» **Goal of the exercise**: Up to and including the line that contains "Auch Fur Kleine", return every line from the start of the data, unchanged.

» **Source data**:
= = = = = = =

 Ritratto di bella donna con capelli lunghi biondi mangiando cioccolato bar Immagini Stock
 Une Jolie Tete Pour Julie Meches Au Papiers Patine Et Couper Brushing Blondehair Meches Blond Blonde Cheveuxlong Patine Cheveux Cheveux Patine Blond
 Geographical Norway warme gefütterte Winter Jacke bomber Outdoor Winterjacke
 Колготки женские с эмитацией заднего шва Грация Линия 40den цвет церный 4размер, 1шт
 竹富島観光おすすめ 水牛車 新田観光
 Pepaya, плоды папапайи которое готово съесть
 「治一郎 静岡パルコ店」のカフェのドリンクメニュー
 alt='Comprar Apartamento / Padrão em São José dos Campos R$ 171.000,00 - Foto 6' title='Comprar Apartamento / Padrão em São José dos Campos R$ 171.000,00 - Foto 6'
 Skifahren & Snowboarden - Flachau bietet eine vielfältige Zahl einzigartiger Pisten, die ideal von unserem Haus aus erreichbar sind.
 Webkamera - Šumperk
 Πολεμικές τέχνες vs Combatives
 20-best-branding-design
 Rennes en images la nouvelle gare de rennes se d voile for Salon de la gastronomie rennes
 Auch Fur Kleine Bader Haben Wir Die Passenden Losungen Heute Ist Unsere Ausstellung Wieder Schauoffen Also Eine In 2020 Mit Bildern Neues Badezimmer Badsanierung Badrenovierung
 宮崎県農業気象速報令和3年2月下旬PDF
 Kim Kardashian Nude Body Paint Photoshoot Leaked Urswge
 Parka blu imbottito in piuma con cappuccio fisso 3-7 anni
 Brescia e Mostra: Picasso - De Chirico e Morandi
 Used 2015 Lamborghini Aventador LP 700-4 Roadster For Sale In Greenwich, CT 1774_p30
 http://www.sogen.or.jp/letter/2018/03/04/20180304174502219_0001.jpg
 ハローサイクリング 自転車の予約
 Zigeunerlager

= = = = = = =

» **Solution to the exercise**:
 Ritratto di bella donna con capelli lunghi biondi mangiando cioccolato bar Immagini Stock
 Une Jolie Tete Pour Julie Meches Au Papiers Patine Et Couper Brushing Blondehair Meches Blond Blonde Cheveuxlong Patine Cheveux Cheveux Patine Blond
 Geographical Norway warme gefütterte Winter Jacke bomber Outdoor Winterjacke
 Колготки женские с эмитацией заднего шва Грация Линия 40den цвет церный 4размер, 1шт
 竹富島観光おすすめ 水牛車 新田観光
 Pepaya, плоды папапайи которое готово съесть
 「治一郎 静岡パルコ店」のカフェのドリンクメニュー
 alt='Comprar Apartamento / Padrão em São José dos Campos R$ 171.000,00 - Foto 6' title='Comprar Apartamento / Padrão em São José dos Campos R$ 171.000,00 - Foto 6'
 Skifahren & Snowboarden - Flachau bietet eine vielfältige Zahl einzigartiger Pisten, die ideal von unserem Haus aus erreichbar sind.
 Webkamera - Šumperk
 Πολεμικές τέχνες vs Combatives
 20-best-branding-design
 Rennes en images la nouvelle gare de rennes se d voile for Salon de la gastronomie rennes
 Auch Fur Kleine Bader Haben Wir Die Passenden Losungen Heute Ist Unsere Ausstellung Wieder Schauoffen Also Eine In 2020 Mit Bildern Neues Badezimmer Badsanierung Badrenovierung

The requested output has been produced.